- What to work on: The lines to be extracted run from the start of the listing through the line containing "Wir vom Jahrgang"; copy them exactly and nothing else.

━━━ Data for processing

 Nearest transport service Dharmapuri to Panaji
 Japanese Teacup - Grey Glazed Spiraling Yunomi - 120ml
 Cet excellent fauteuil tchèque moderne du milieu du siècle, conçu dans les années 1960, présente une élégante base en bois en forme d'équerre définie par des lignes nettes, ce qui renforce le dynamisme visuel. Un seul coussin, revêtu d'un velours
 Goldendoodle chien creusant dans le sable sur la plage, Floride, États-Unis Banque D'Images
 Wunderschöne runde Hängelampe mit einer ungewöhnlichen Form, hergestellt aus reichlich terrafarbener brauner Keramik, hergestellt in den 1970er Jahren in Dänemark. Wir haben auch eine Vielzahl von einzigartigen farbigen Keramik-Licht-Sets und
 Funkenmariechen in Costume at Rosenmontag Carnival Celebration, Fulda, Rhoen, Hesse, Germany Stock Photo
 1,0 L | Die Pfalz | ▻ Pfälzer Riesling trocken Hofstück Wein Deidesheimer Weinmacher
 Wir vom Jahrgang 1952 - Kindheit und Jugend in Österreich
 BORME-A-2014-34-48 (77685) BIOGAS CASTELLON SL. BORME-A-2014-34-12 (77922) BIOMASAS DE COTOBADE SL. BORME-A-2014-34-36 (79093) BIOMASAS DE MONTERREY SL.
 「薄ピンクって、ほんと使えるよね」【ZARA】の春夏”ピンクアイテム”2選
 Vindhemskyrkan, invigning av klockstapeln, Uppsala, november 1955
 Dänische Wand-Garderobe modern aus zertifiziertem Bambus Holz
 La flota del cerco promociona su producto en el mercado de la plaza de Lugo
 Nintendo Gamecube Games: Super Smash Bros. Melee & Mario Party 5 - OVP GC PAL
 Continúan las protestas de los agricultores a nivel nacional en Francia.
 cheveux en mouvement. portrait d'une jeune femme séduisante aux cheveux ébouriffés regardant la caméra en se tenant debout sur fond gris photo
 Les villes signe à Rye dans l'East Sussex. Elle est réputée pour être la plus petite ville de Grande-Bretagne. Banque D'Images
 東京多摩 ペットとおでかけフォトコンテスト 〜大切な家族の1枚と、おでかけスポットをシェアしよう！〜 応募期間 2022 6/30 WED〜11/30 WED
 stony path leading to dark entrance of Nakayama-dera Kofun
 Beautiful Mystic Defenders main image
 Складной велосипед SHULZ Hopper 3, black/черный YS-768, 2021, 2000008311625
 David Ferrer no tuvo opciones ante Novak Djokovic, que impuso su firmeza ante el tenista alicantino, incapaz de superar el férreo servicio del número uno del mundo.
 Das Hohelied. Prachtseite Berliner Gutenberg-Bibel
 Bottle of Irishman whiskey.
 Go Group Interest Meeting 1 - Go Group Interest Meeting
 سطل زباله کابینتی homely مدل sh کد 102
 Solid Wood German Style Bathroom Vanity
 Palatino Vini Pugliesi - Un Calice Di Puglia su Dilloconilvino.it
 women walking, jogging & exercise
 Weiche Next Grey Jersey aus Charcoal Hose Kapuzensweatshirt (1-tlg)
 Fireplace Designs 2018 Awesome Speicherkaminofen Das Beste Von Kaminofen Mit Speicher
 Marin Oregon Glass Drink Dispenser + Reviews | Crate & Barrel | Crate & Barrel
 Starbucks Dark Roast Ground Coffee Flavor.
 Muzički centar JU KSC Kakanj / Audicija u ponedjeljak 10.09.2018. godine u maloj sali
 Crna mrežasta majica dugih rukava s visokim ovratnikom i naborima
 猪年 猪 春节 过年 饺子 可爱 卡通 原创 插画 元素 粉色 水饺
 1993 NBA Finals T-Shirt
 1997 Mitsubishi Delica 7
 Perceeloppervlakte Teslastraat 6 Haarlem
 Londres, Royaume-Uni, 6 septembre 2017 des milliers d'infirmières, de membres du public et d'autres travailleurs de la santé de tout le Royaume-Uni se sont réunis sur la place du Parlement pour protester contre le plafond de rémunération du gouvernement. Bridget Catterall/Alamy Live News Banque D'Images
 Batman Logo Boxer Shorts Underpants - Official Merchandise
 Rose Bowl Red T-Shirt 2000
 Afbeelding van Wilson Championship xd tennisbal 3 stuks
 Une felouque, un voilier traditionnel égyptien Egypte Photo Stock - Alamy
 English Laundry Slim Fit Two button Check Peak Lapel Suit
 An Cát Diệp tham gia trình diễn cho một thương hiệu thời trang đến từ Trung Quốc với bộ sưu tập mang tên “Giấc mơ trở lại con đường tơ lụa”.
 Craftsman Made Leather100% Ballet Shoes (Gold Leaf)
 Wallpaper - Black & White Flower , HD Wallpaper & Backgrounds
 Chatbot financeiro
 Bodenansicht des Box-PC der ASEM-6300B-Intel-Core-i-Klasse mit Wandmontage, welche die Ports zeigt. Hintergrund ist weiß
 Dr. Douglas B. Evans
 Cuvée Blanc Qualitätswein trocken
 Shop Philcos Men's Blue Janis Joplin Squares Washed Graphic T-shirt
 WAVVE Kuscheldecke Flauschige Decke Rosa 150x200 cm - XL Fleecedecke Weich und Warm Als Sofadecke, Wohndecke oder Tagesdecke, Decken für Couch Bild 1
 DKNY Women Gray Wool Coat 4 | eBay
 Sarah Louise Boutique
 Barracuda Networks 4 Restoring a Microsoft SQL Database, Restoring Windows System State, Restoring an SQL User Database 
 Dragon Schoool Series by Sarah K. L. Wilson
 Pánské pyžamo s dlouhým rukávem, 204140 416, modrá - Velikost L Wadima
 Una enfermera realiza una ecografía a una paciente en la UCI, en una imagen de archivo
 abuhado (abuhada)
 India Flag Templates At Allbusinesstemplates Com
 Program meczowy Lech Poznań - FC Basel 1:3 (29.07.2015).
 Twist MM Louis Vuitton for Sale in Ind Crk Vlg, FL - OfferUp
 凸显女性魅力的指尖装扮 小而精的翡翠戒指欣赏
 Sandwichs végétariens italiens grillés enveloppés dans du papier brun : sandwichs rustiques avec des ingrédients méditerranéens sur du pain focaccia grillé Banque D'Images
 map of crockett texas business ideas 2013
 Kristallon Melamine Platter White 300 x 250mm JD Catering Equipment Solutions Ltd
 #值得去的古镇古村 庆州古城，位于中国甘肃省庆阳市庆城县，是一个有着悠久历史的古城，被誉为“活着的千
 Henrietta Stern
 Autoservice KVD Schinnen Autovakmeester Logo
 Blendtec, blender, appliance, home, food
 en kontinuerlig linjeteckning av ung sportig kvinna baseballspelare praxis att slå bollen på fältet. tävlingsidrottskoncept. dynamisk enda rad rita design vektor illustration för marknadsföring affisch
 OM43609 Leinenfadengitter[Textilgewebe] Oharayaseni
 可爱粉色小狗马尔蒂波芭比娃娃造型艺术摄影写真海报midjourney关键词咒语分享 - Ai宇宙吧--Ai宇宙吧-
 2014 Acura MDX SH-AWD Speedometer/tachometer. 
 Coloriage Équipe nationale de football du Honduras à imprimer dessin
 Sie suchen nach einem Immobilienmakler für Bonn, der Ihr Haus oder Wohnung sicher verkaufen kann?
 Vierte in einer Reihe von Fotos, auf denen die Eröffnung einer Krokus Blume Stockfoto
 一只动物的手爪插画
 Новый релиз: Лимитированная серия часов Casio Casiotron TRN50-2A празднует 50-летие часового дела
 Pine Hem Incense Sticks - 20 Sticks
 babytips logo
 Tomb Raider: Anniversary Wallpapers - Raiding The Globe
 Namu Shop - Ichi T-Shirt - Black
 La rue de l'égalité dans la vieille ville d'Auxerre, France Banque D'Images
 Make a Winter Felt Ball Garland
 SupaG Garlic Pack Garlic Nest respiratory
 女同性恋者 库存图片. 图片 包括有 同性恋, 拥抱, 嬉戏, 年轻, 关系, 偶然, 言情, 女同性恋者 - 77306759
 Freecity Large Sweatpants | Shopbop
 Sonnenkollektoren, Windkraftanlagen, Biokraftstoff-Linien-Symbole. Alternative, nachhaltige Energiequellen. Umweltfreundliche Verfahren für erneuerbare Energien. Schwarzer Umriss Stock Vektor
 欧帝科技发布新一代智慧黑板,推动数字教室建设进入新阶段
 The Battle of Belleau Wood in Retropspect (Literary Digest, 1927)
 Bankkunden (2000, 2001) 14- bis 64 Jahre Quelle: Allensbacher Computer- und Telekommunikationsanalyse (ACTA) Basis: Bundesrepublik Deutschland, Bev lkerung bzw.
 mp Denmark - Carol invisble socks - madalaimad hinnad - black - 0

━━━━━━

- Task output:
 Nearest transport service Dharmapuri to Panaji
 Japanese Teacup - Grey Glazed Spiraling Yunomi - 120ml
 Cet excellent fauteuil tchèque moderne du milieu du siècle, conçu dans les années 1960, présente une élégante base en bois en forme d'équerre définie par des lignes nettes, ce qui renforce le dynamisme visuel. Un seul coussin, revêtu d'un velours
 Goldendoodle chien creusant dans le sable sur la plage, Floride, États-Unis Banque D'Images
 Wunderschöne runde Hängelampe mit einer ungewöhnlichen Form, hergestellt aus reichlich terrafarbener brauner Keramik, hergestellt in den 1970er Jahren in Dänemark. Wir haben auch eine Vielzahl von einzigartigen farbigen Keramik-Licht-Sets und
 Funkenmariechen in Costume at Rosenmontag Carnival Celebration, Fulda, Rhoen, Hesse, Germany Stock Photo
 1,0 L | Die Pfalz | ▻ Pfälzer Riesling trocken Hofstück Wein Deidesheimer Weinmacher
 Wir vom Jahrgang 1952 - Kindheit und Jugend in Österreich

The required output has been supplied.